Heterogeneous computing uses more than one kind of processor and memory to achieve best performance and energy efficiency. The emerging non-volatile memory-based system is an example. Resource management in heterogeneous computing in our research includes data movement and placement in emerging architectures, and massive thread-level parallelism management on GPU.



Efficient Training and Deployment of Machine Learning on Distributed and Parallel Systems

We study how to improve performance and energy efficiency of machine learning workloads (including training and inference), and how to make machine learning approachable by regular users (personalized machine learning).


  • Performance optimization and modeling for large-scale machine learning training
  • Learning on resource-constrained devices (e.g., mobile phones)

Representative publications:

  • [IPDPS’19] Jiawen Liu, Dong Li, Gokcen Kestor, and Jeffrey Vetter. Runtime Concurrency Control and Operation Scheduling for High Performance Neural Network Training. In 33rd IEEE International Parallel and Distributed Processing Symposium.
  • [ICPADS’19] Jie Liu, Jiawen Liu, Zhen Xie, and Dong Li. Performance Analysis and Characterization of Training Deep Learning Models on Mobile Devices. In 25th IEEE International Conference on Parallel andDistributed Systems. 
  • [MICRO’18] Jiawen Liu, Hengyu Zhao, Matheus Ogleari, Dong Li, and Jishen Zhao. Processing-in-Memory for Energy-efficient Neural Network Training: A Heterogeneous Approach. In 51s IEEE/ACM International Symposium on Microarchitecture.


Scientific Machine Learning

We study how to enhance the usability of machine learning models on scientific HPC applications.

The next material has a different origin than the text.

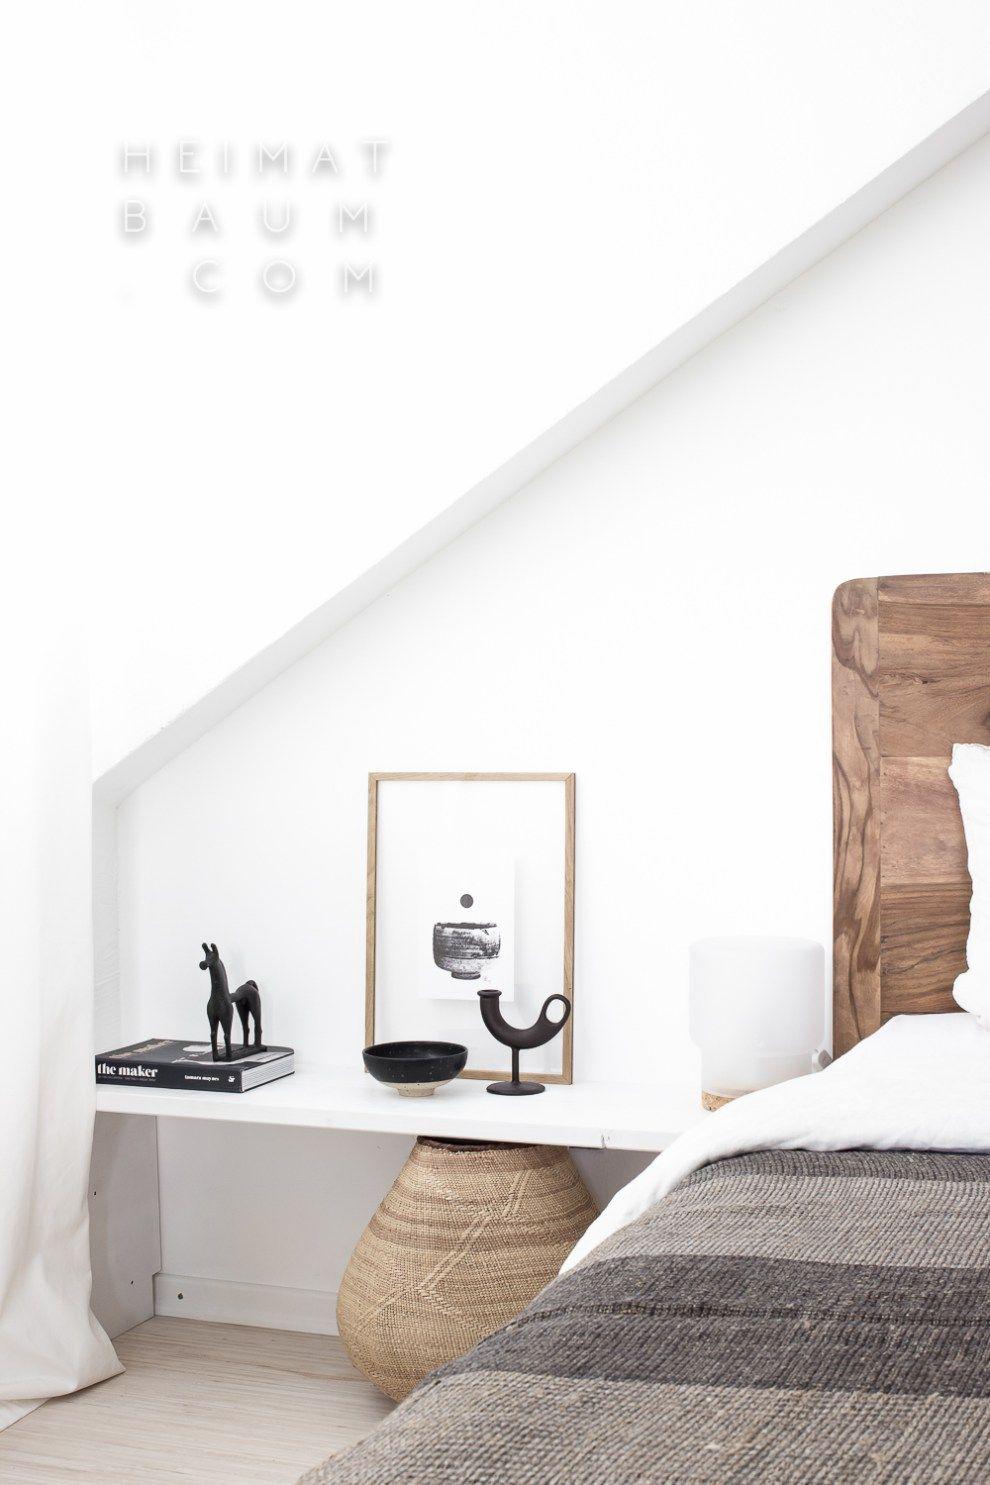 Einzeiliges Regal statt Nachtschrank im #Schlafzimmer #Wohnidee ...
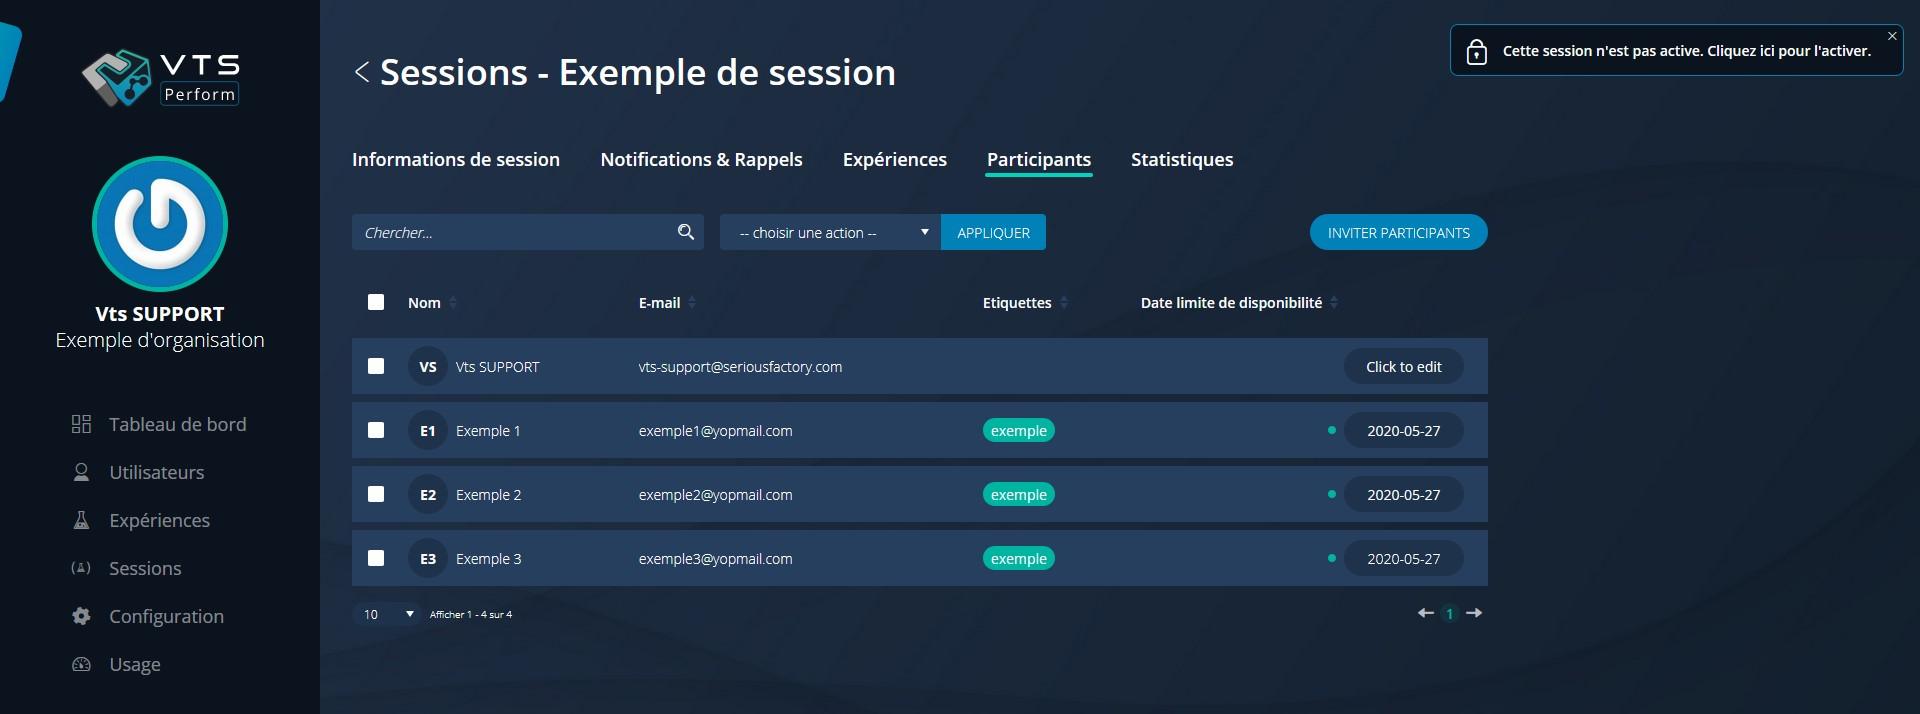 perform_sessionusers4_fr.jpg (135 KB)

Representative publications:

  • [SC’19] Wenqian Dong, Jie Liu, Zhen Xie, Dong Li. Adaptive Neural Network-Based Approximation to Accelerate Eulerian Fluid Simulation. In 31st ACM/IEEE International Conference for High Performance Computing, Networking, Storage and Analysis.


Fault Tolerance in Large-Scale Parallel Systems

We study how to make the large scale parallel systems survive potential hardware failures and software errors without sacrificing system efficiency and effectiveness.